Entries shown:
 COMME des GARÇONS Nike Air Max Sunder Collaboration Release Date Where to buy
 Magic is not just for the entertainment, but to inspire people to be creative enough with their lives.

* * *

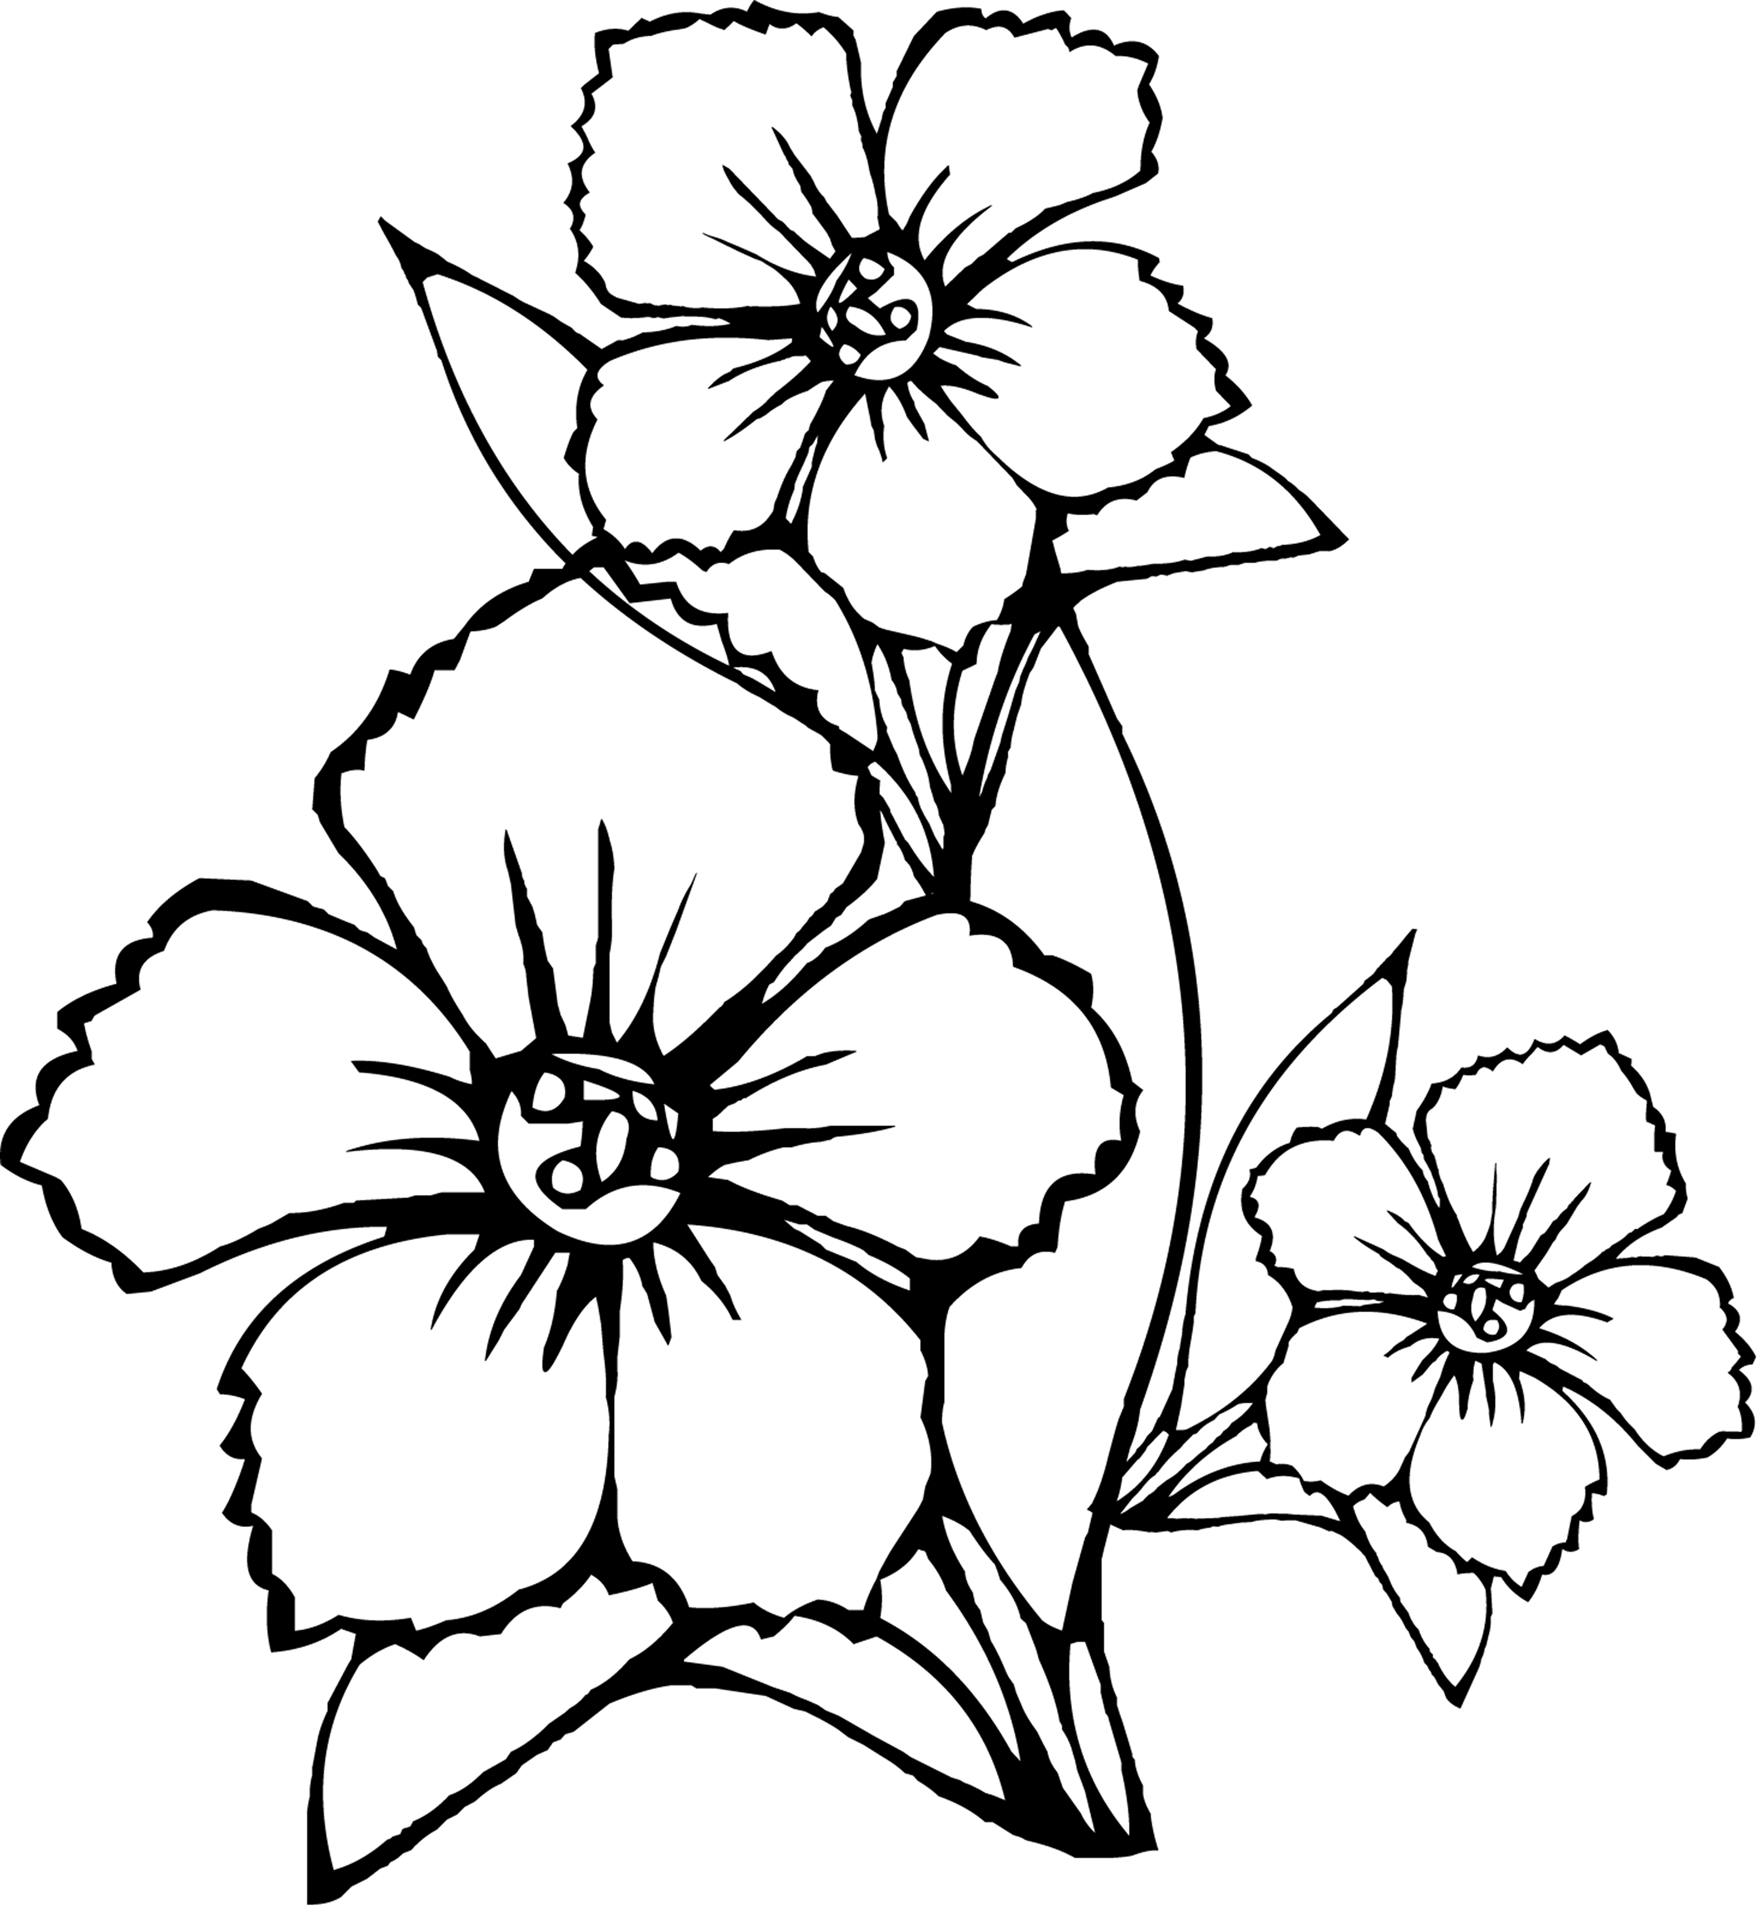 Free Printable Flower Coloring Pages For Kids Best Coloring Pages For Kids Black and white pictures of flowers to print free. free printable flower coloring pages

...

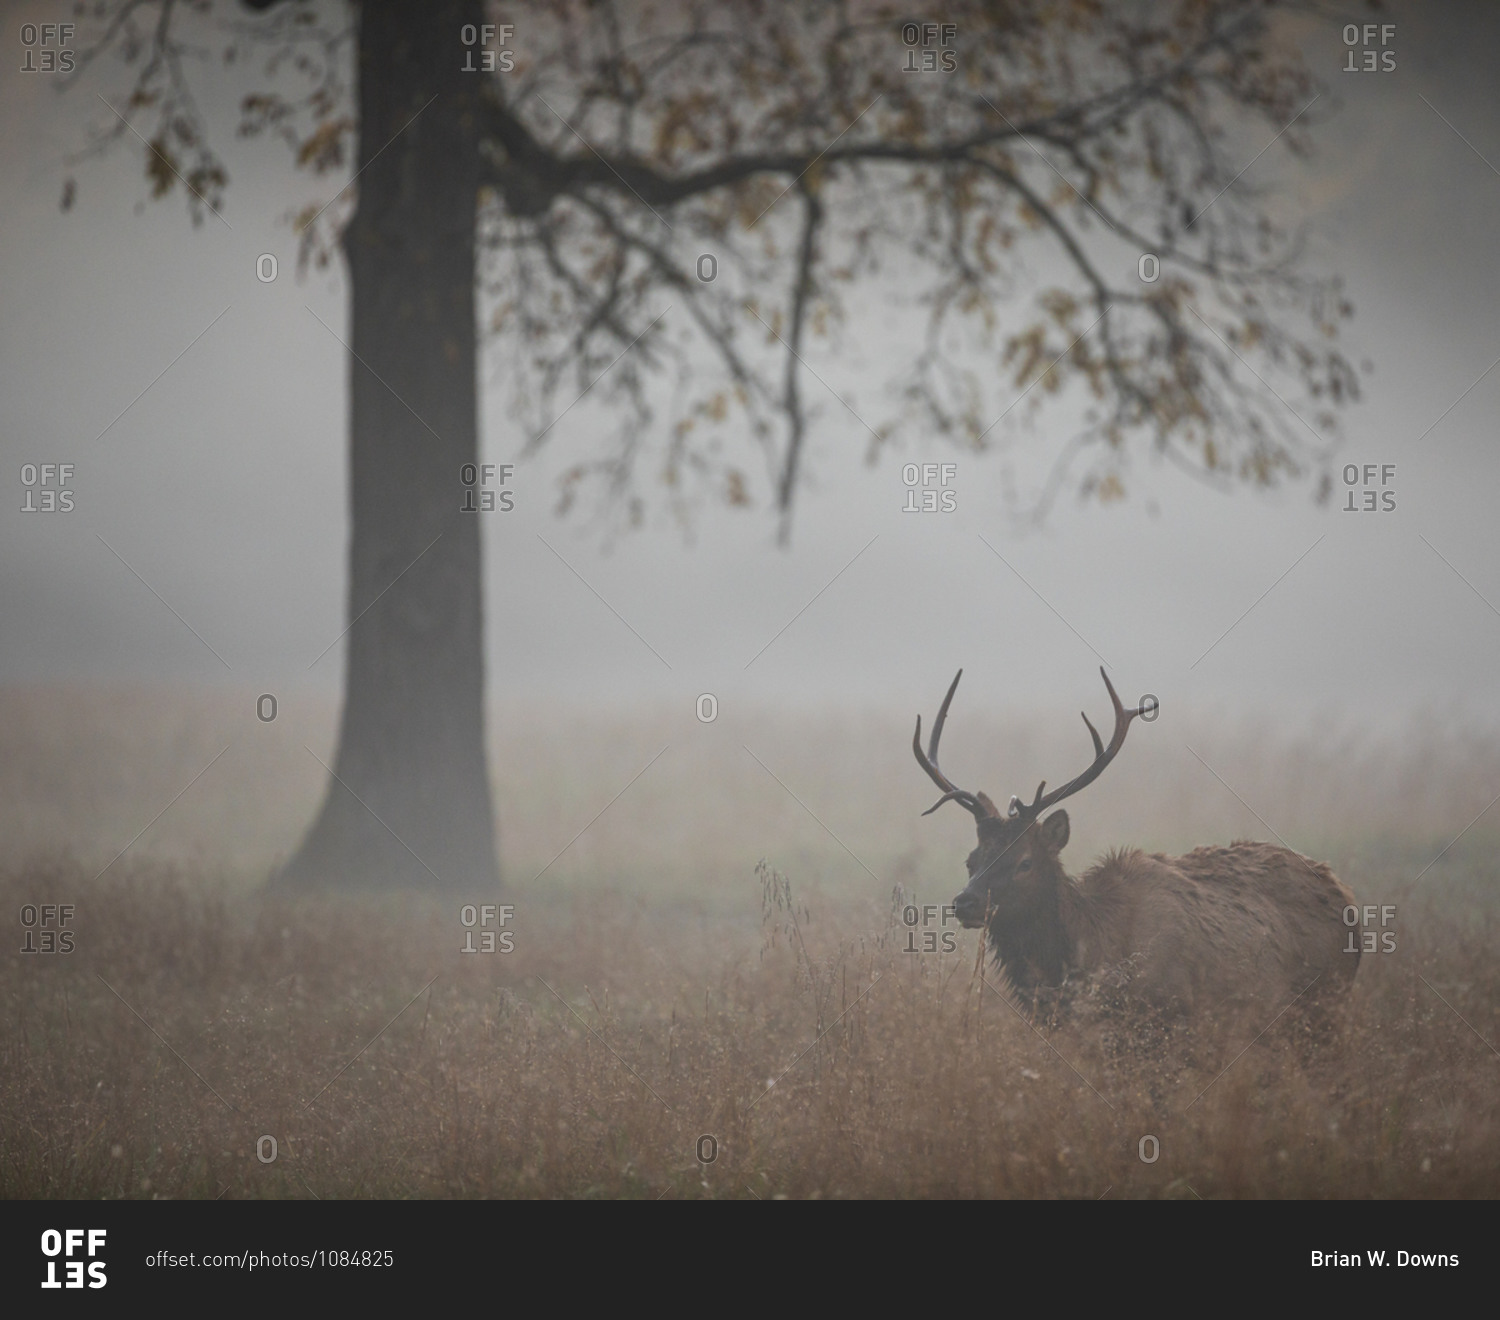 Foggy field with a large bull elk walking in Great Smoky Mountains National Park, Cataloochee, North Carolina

Instructions to follow:
All that belongs in the answer is the run of lines above from the line containing "COMME des GARÇONS" through the line containing "Magic is not", exactly as written.

Task solution:
 COMME des GARÇONS Nike Air Max Sunder Collaboration Release Date Where to buy
 Magic is not just for the entertainment, but to inspire people to be creative enough with their lives.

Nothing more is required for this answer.